Using OpenMM 7.3.1,41 complexes in OBC229 generalized Born/surface area implicit solvent were minimized with heavy atom restraints of 2 kcal mol−1 Å−2 towards crystallographic positions until energies converged within 0.24 kcal mol−1.
In our modified QM/MM codes, the evaluation of molecular integrals of many-body operators over Gaussian functions were obtained using libint 2.5.042 and the linear algebra and eigenvalue decomposition of a symmetric matrix were done with the Armadillo 8.500.1.43,44
OpenMM 7.3.141 was also used to evaluate van der Waals and solvation energies, the latter with the OBC229 generalized Born/surface area implicit solvent model. It was also used for the ΔGsurf term in eqn (21). The PySCF 1.7.0 python package45 was used to perform QM/MM calculations in the ddCOSMO scheme.30,31
Exceptions to the trend of negative calculated ligand polarization energies are due to structural modeling issues that lead to short intermolecular distances.

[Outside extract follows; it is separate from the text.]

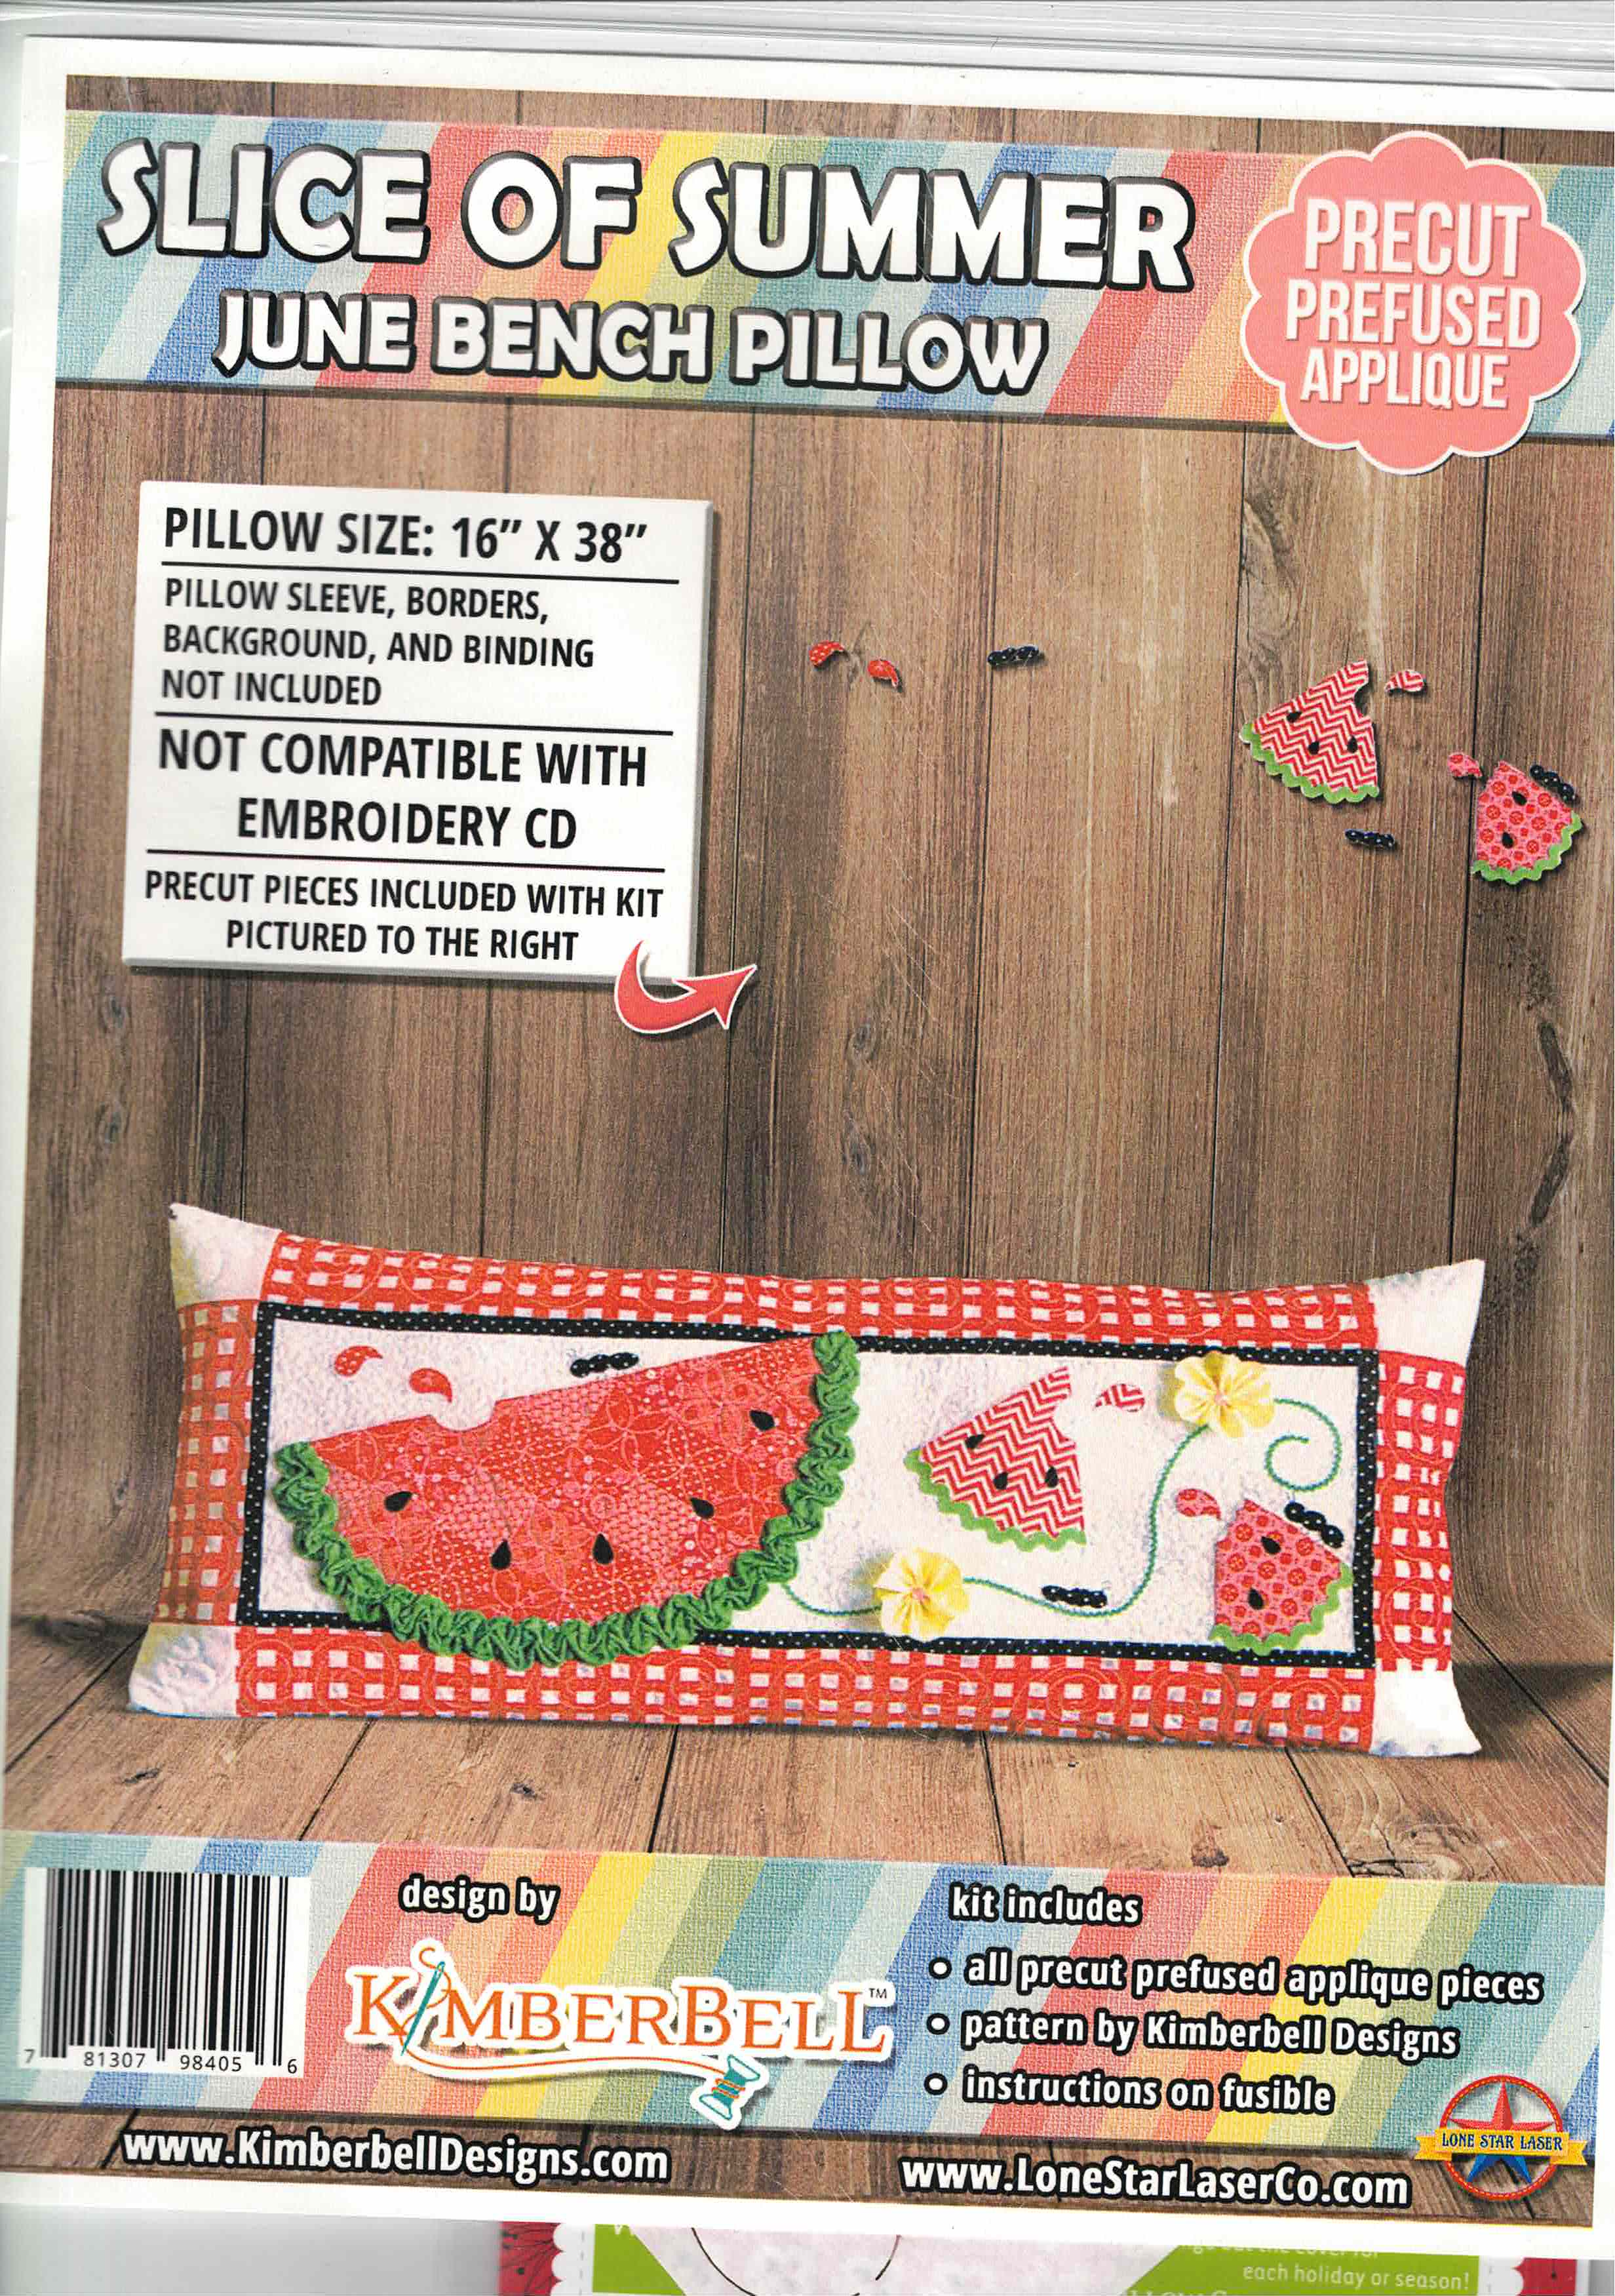 Slice of Summer - June Bench Pillow kit and pattern - KD175

Positive Ξpol values were calculated in three complexes. In our models of these structures, there are very short distances between a hydrogen atom in the ligand and in the protein: 0.73 Å in 2fxs, 1.06 Å in 3u5j, and 0.87 Å in 4f2w. The close proximity of atoms leads to a severe distortion in the wave function that is not overcome by more favorable Coulomb interactions. These steric clashes could be resolved by changing the models in minor ways that are equally compatible with crystallographic evidence and pKa predictions. In the 2fxs and 4f2w models, the proton on a carboxylic acid was arbitrarily placed near a ligand hydrogen instead of on the other carbonyl oxygen. In the 3u5j model, the clash could be resolved by switching the position of the terminal oxygen and amine groups, which have nearly identical electron density, on asparagine 140.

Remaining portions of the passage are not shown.